──────── Data provided

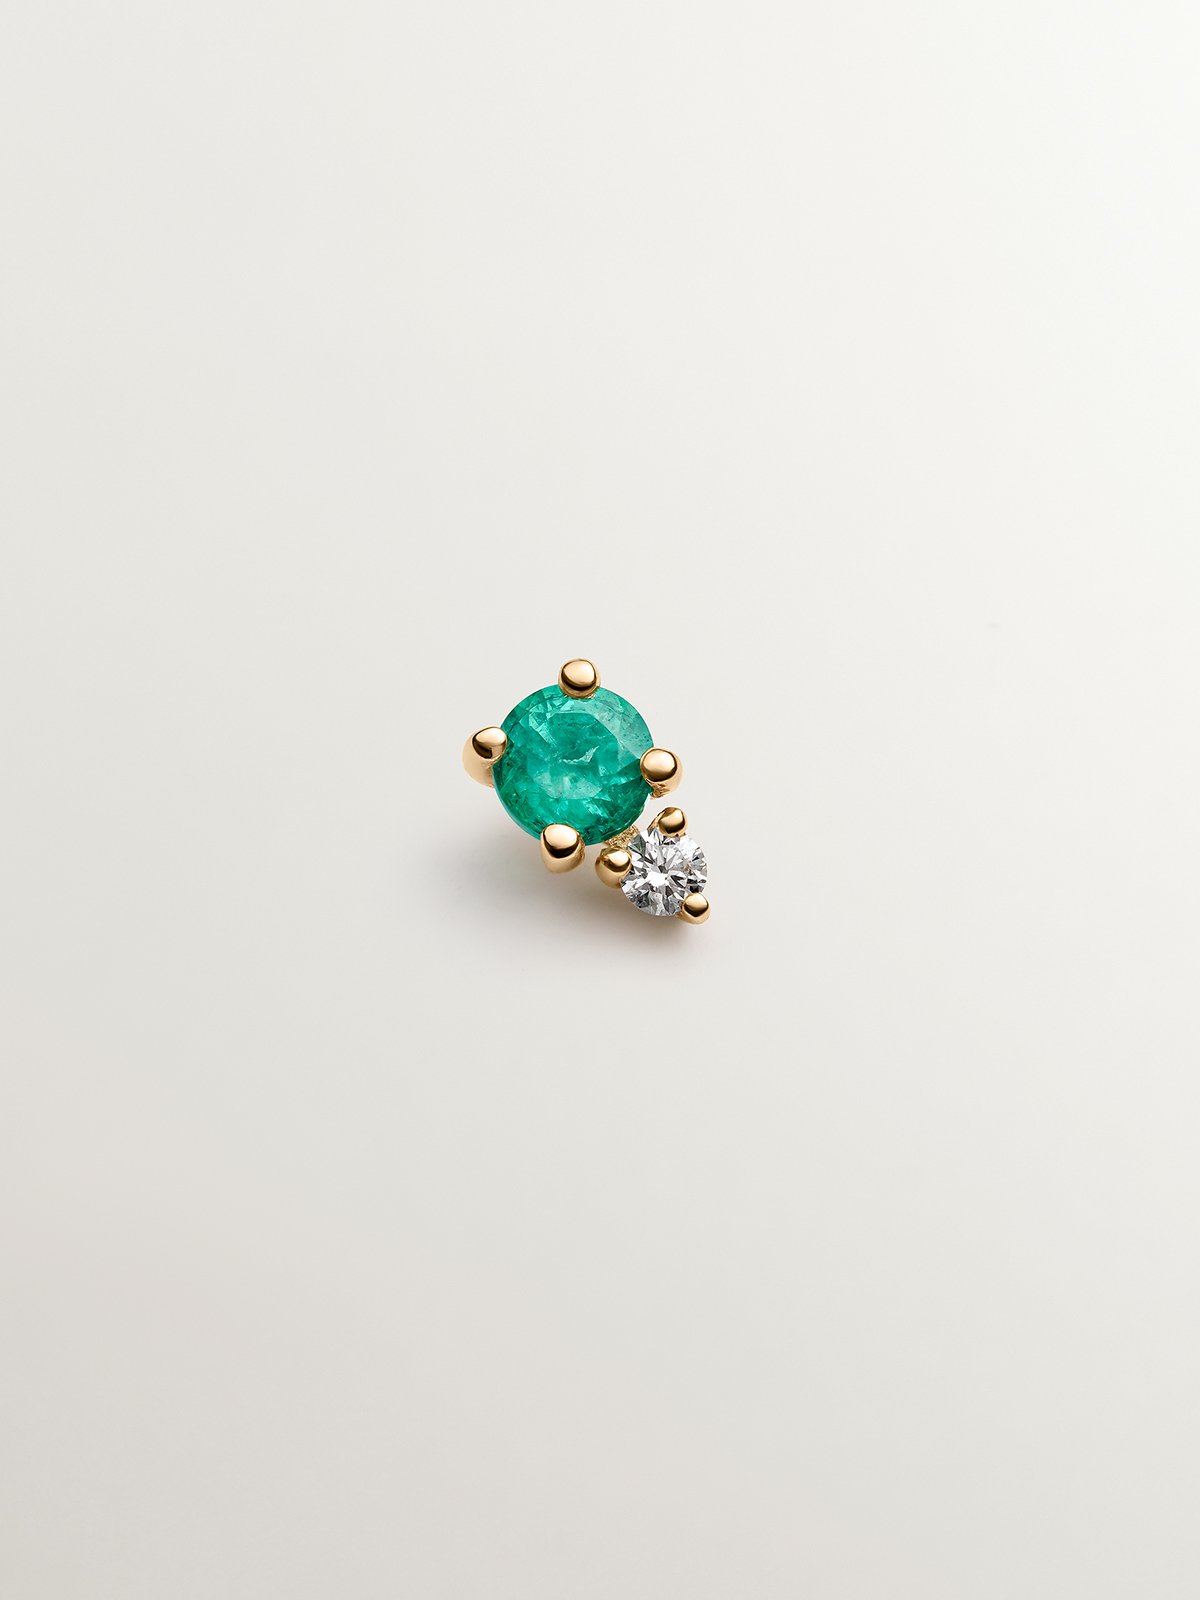 Individual 9K yellow gold earring with emerald and diamond.
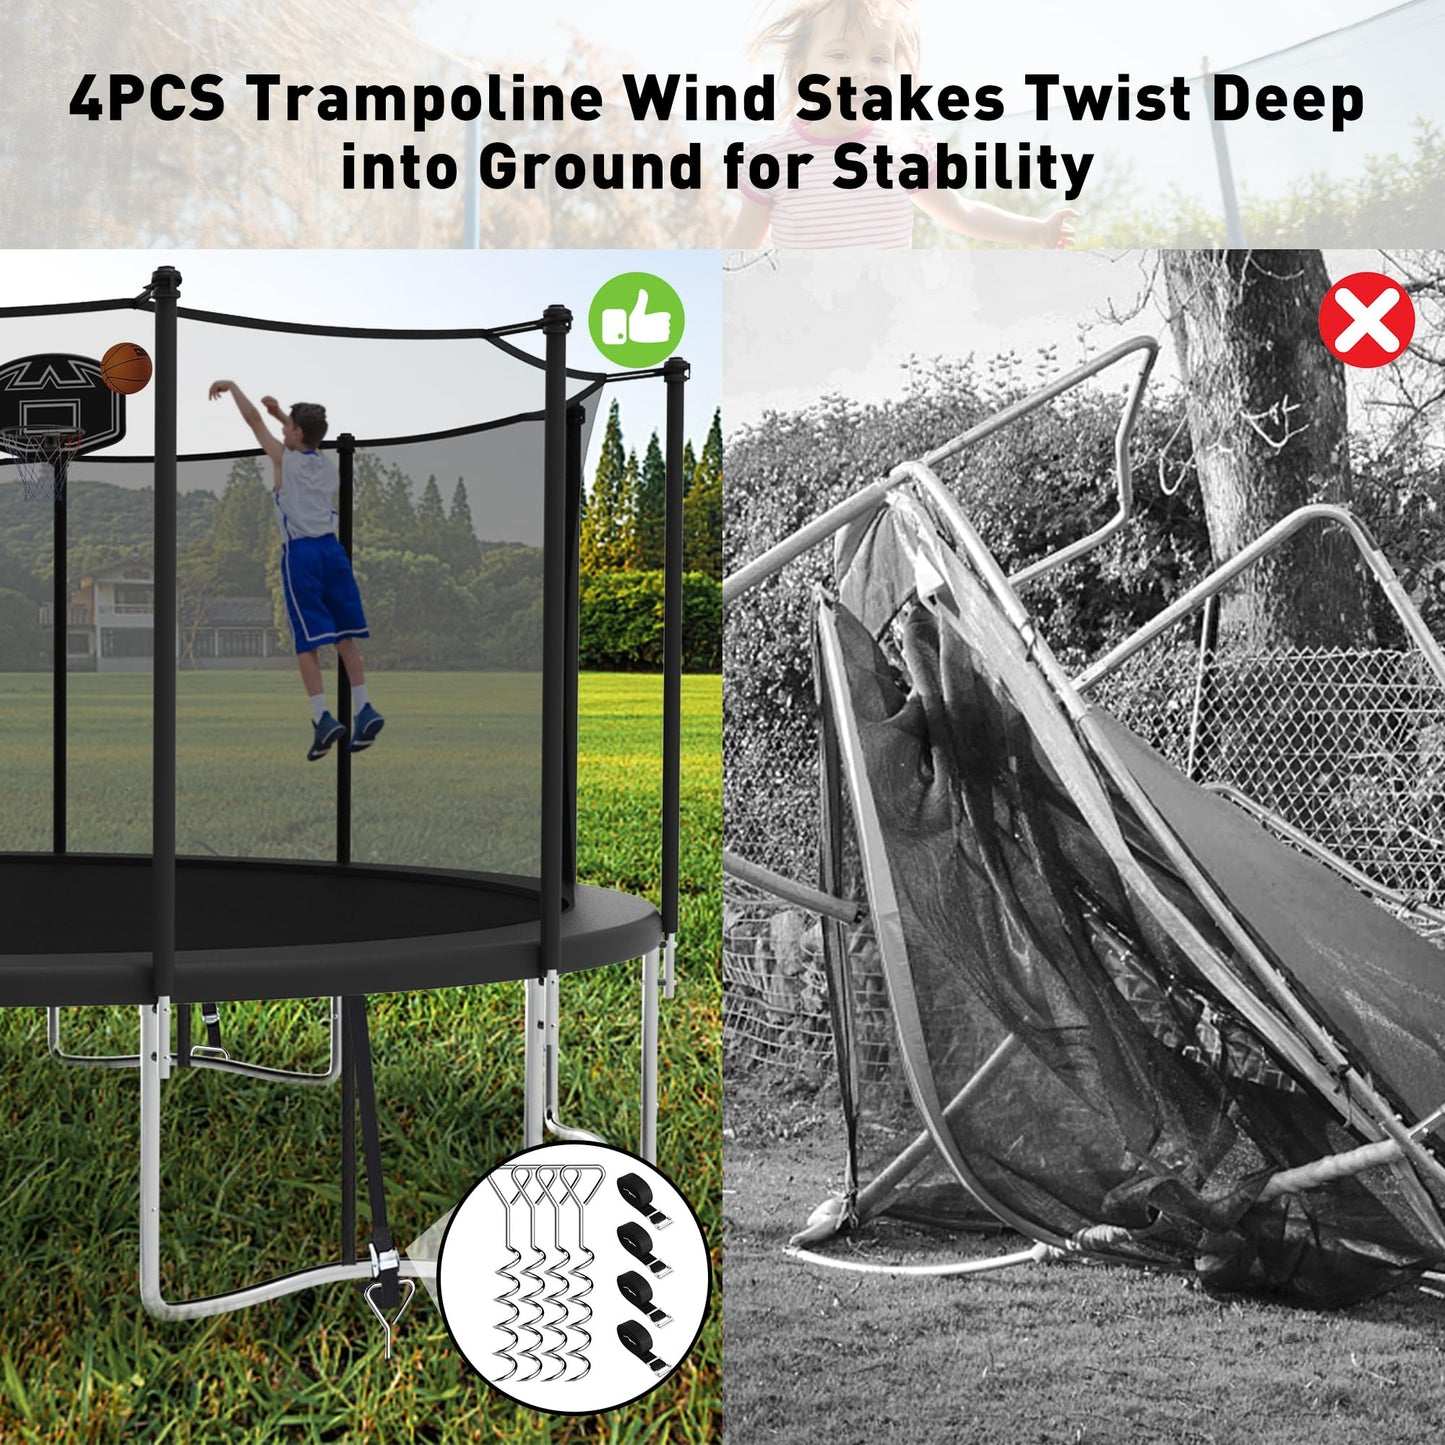 CITYLE 1500LBS 16FT Tranpoline for Kids and Adults Tranpoline with 6 Wind Stakes, Safety Enclosure Net, Basketball Hoop, Ball and Ladder, Heavy Duty Outdoor Recreational Tranpolines, Black
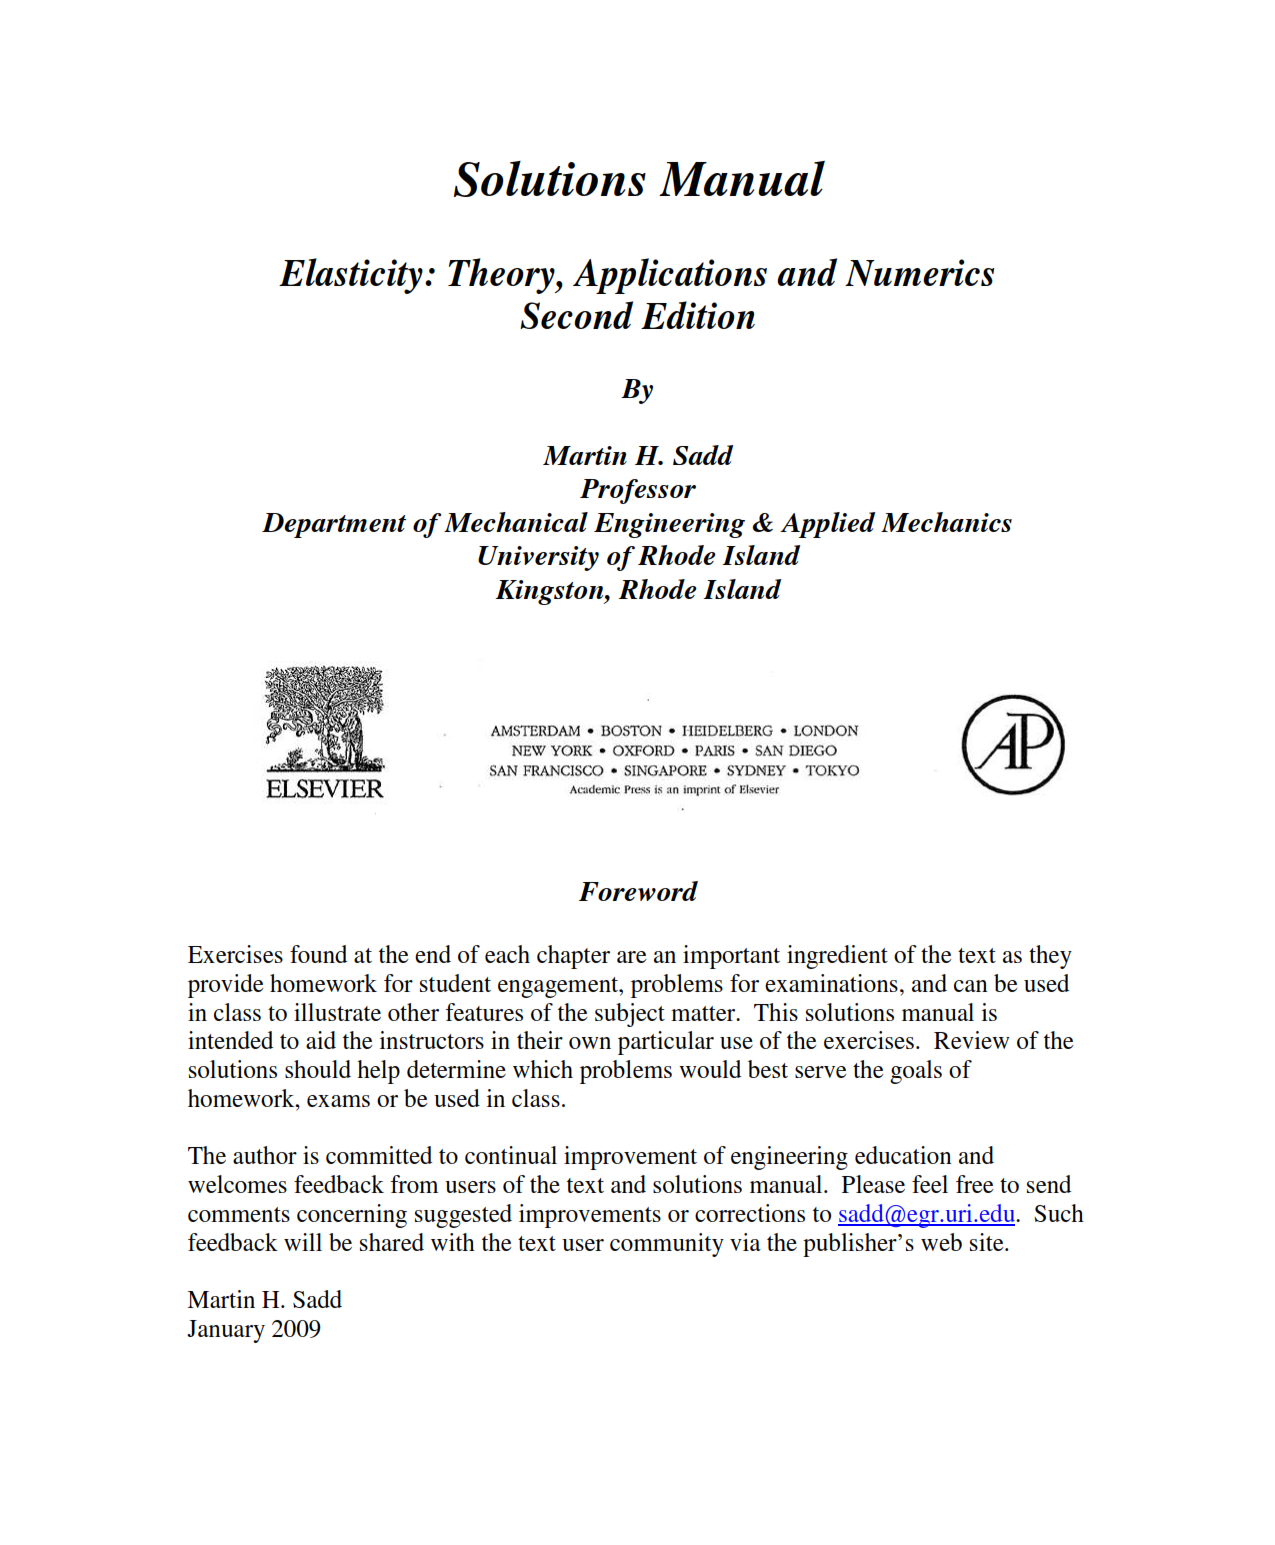 download free Elasticity theory applications and numerics 2nd edition written by Sadd solution manual eBook pdf

────────────────

» **Your goal**
Output the data exactly as it appears. The pictures do not belong in it.

» **Final answer**
 Individual 9K yellow gold earring with emerald and diamond.
 CITYLE 1500LBS 16FT Tranpoline for Kids and Adults Tranpoline with 6 Wind Stakes, Safety Enclosure Net, Basketball Hoop, Ball and Ladder, Heavy Duty Outdoor Recreational Tranpolines, Black
 download free Elasticity theory applications and numerics 2nd edition written by Sadd solution manual eBook pdf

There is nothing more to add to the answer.